But, as we’ve known for certain since the 1950’s, thanks above all to the work of the classicists Milman Parry and Albert Lord, this very ancient conventional wisdom was wrong, and ancient Greek epic actually emerged from an oral tradition of recomposition of traditional stories according to a highly-developed system of bardic improvisation. There’s very good reason to doubt that there ever was a single bard named “Homer”: it seems much more likely that we should speak instead of “the Homers,” or perhaps “the Homerids”—that is, the guild of bards who made a living singing these tales to admiring audiences.

There are as many ways to construct the history of how the ancient Greeks got the notion of a blind poet named Homer as there are people who have studied the matter, of course. My own view goes like this. The word homerides in the oldest form of Greek looks awfully like it means “a guy who puts it together.” That word, which is best put into English as “Homerid” would look to later Greeks like it really meant “son of a guy named Homer.” We know that there was some sort of professional group called the Homerids during the classical period, who had some sort of jurisdiction over deciding who was good at reciting Homer. So I’m convinced by the current state of our evidence that the idea of a man named Homer arose from a misinterpretation of the ancient title for a singer-of-tales, Homerid.

We can know almost nothing for sure about these bards, but we do have precious evidence in the epics themselves at least about how they hoped they would be seen. Most importantly, the Homeric Odyssey has two characters who are bards (the Greek word, aoidos, comes from the verb “sing,” and just means “singer”) themselves. These characters are, as one might imagine, very popular with their audiences, although one of them ends up in hot water for pleasing the wrong audience (don’t worry, he gets acquitted on the same grounds we gamers acquit game developers every day, that he was just trying to please his target market).

For now, the most important thing I want to point out about the bards of the Odyssey is that that the (real) bards who sang that epic into the form in which we have it emphatically depict themselves through those (fictional) bards both as singing the song the way they want to sing it and as responding to their audiences’ requests. Here’s a passage about Phemius, the bard who sticks around Odysseus’ palace while Odysseus is away in Troy and on his homeward-bound travels. The speaker is Telemachus, Odysseus’ son; he’s telling his mother Penelope not to criticize Phemius for singing a song that makes her sad:
Why do you begrudge this fine singer, mother, his pleasing himself as his
mind directs? The singers are not responsible—Zeus must be responsible,
giving to mortal men, everyone, in the way that he wants.
There is nothing bad about singing the sad homecoming of the Greeks.
People certainly always give more favor to the song
that goes about most recently among its hearers.
Phemius is singing the song he wants to sing, because he knows his audience will like it; his audience are the suitors who are trying to get Penelope to marry one of them, and it makes the suitors happy to think that Odysseus, like the other Achaeans, is going to have a nasty homecoming. The song, that is, is about them in a very important sense, and, the bard of the Odyssey clearly thinks, that makes them pay Phemius better—or at least makes them keep him around.

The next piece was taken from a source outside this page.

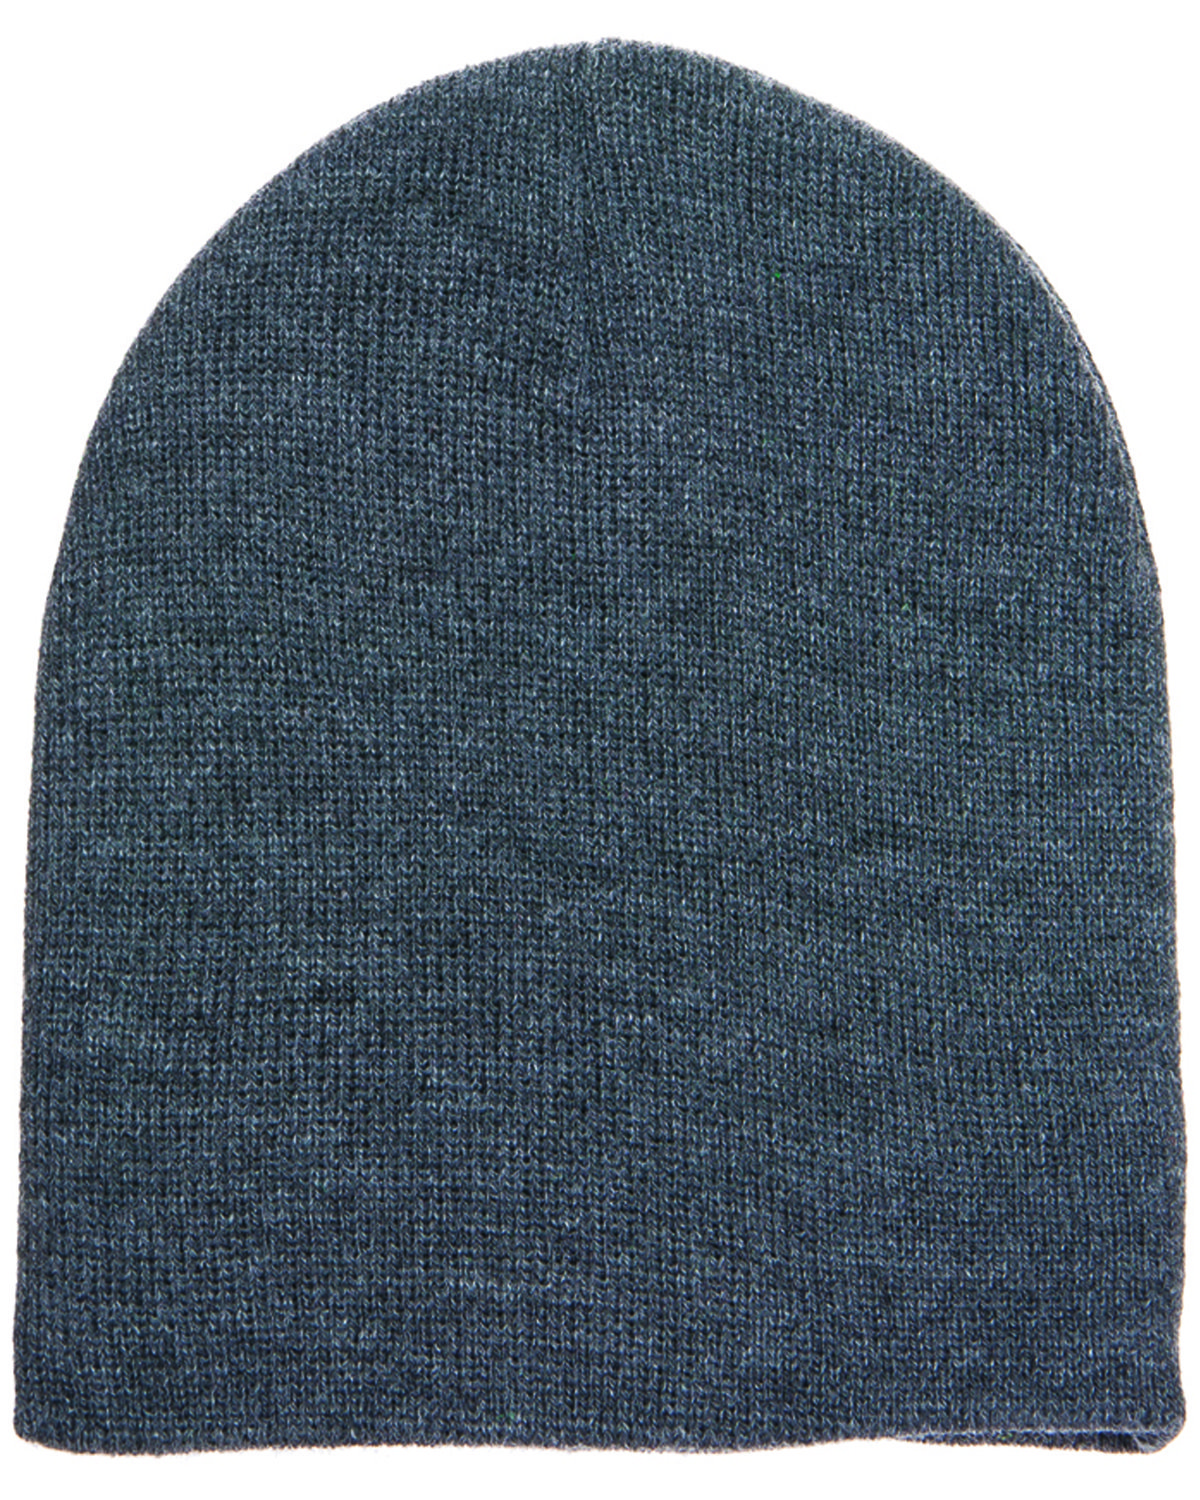 Yupoong Adult Knit Beanie alphabroder

But there’s another implication of this passage that follows on from discussing how the bard chose his stories, together with our understanding of bardic improvisation. Because every performance of an epic song was newly improvised, the bard’s re-creation of the epic occurred in an interaction with his audience on the one hand, and the material of the epic tradition on the other: the bard was a sort of interactive conduit between the two. If you remember my story about the herdsman-turned-bard, you can see that that figure—the young man who starts in the audience and then becomes a singer himself—first interacts with the story through the bard, then (when he is the bard) gets to please himself, as long as he keeps his audience happy.

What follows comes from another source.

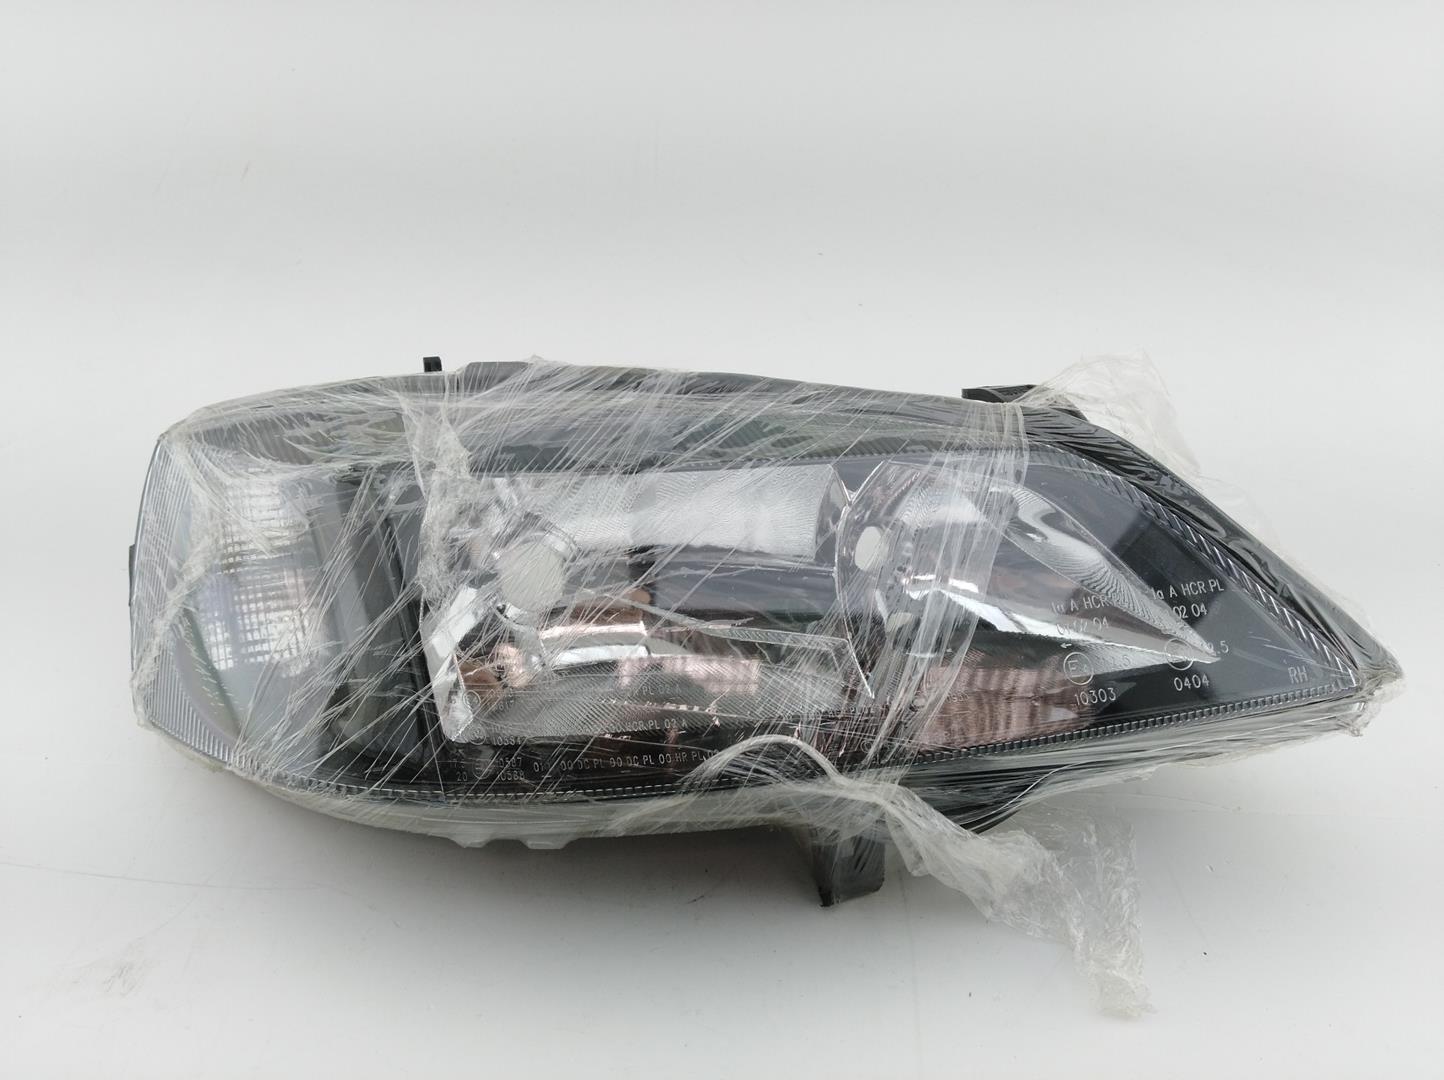 OPEL Astra H (2004-2014) Front Right Headlight 101.16211007, 101.16211007, 101.16211007 24665022

Obviously, I’m saying that that interaction is like the celebrated interactivity of the experience of playing an adventure video game—that the herdsman-turned-bard is like the gamer. We’ll take the ancient material a step farther, though, before we go back to video gaming. Next time: Iliad 9 and the choice of Achilles—a Bioshock moment?

Living Epic--the Main Quest (map of posts)

The post series mapped out below is what I call the "Main Quest" of this blog--my argument that adventure video games are actually ancient.

The Living Epic series:

Wednesday, June 4, 2008

(Gaming) Homer Course-design (3): Units (syllabus, more or less)

This is a post in a series taken from the preliminary version of the course-design document for CAMS 3208. Dig in and see what you think! Please do let me know if you’ve got suggestions for other activities, or if you think anything needs clarification. I really want this course to be something gamers with the slightest interest in the ancient world, and classicists with the slightest interest in gaming, are drooling to take. :D

At some point, probably in January, I'll post the actual syllabus for the course, but the following is pretty close to what it's going to be. If you're feeling really clicky, you can correlate the letters A-E in parentheses with the goals and objectives in the first post in the series, and the readings with the list of activities in the second. Think of it as a game! ;-)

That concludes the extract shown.